If you recall, I wrote that while there was more downside risk in the market, there were two things that had the greatest chance of bringing the market out of its trading range: jobs reports and Apple mentioning anything related to bringing AI to their offerings. Both happened last week, so let’s see what the potential impact is for the week ahead.
Employers cooled off hiring efforts in April with payrolls falling much more than expected and almost half from the prior month. This is what the Fed is looking for and while one jobs report isn’t enough data for a sudden change of heart, it was enough for the bulls to come out and take over from the bears, at least for a day.
“The demand for labor is slowing, which will eventually ease inflation pressures, giving the Fed some leeway to cut rates later this year,” said Jeffrey Roach, chief economist for LPL Financial. “Slower payroll growth and fewer hours worked imply the economy is slowing at a measured pace. This jobs report is consistent with the soft landing narrative.”
Markets were also strong late last week due to Apple (AAPL) gapping 6% higher after they announced a mammoth $110 billion stock buyback. The second crucial data point coming from Apple’s earnings was CEO, Tim Cook, mentioning AI.
“I think AI — generative AI and AI — both are big opportunities for us across our products, and we’ll talk more about it in the coming weeks. I think there are numerous ways there that are great for us, and we think that we’re well-positioned,” Cook said.
It’s important mostly because analysts have seen the once-perceived technology leader falling behind others in the AI race. Just the mention of more AI in their products was enough to give analysts hope that Apple won’t fall far behind.
The buyback announcement is at least an actionable item rather than talk about AI, but it’s also important to note that they are raising their stock price using buybacks to help during a time when sales of iPhones are near pandemic lows from four years ago.
The optimism from the jobs data and Apple was enough to bring the S&P 500 (as represented below by the ETF, SPY) to break higher than its previous swing high. We now have a series of higher highs and higher lows. Is the correction over? Are we bound to move higher? Was I wrong when I wrote that there is more downside risk?
You need to trade what price action gives you. I won’t argue with that. Let’s see if we can get a confirmation day or two and if so, we could see the SPY go to $515 and then challenge all-time highs.
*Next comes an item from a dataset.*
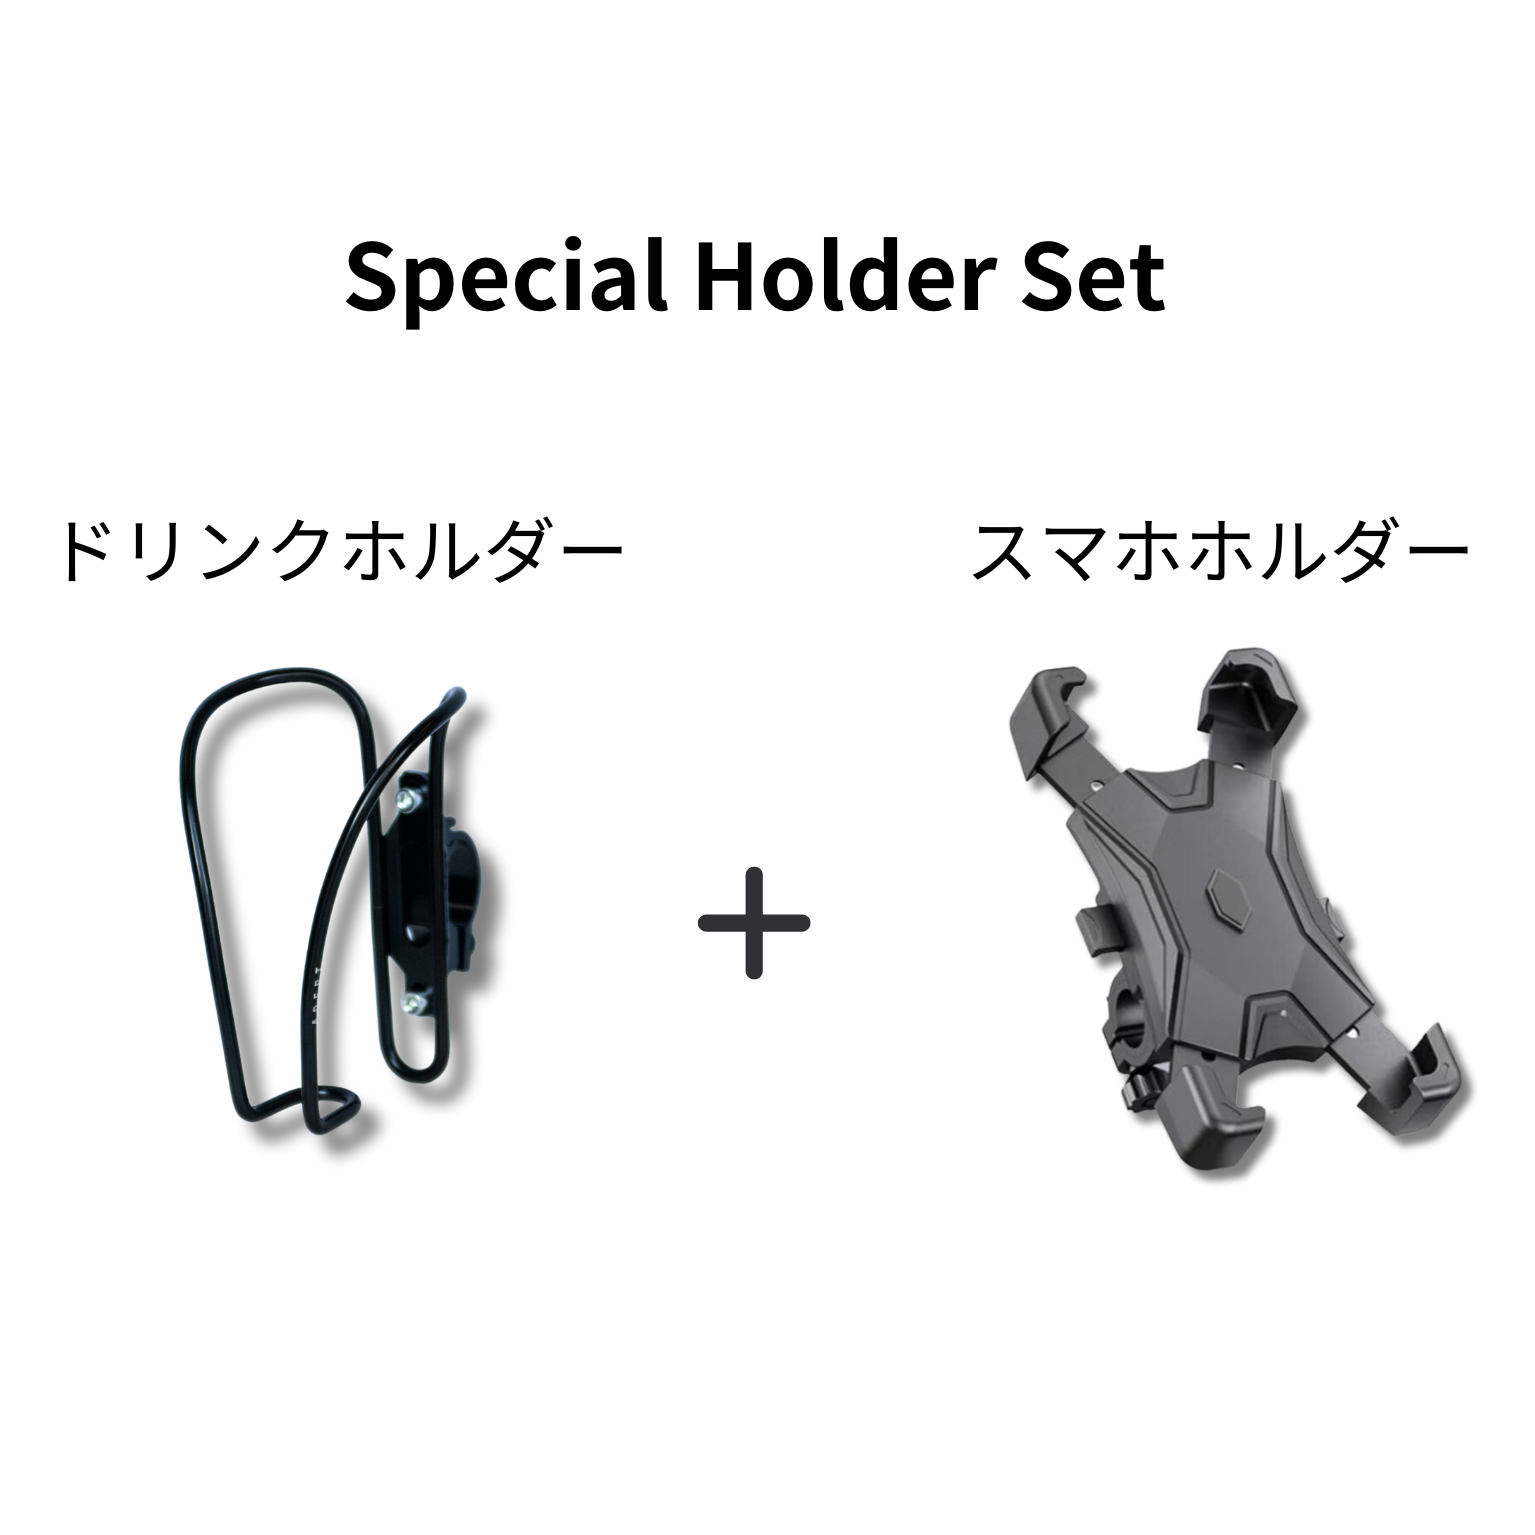 Special Holder Set

That said, there is still a downside rise. From a fundamental perspective, the market is overpriced and investors could be too greedy with this jobs report and Apple news. One report isn’t a trend.
Remember it was only earlier last week that the jobs data also showed Q1 Unit Labor Costs rose 4.7% vs. the estimated 3.3% annual rate. Wage inflation will continue to pressure stocks unless the reduction of new jobs can outweigh the increase in wage costs.
I’m also looking at what this earnings season is telling us. Companies like Expedia Group didn’t fare as well as the rest of the market last week, despite its latest quarterly results beating Wall Street targets. Its shares slumped 15.3%, the biggest decline among S&P 500 stocks after it lowered its full-year bookings guidance.
Yet another company warned about forward guidance while the market rose by over 1% in a single session.
I’m standing by the roller coaster theory for now. I think we’ll likely see these big up days, followed by big down days. I don’t think this market will be as easy to navigate as at the beginning of the year, but that also means there should be bullish and bearish opportunities to choose from, giving investors more flexibility throughout the weeks ahead. We might even see the neutral iron condor strategy become more effective in the next few months.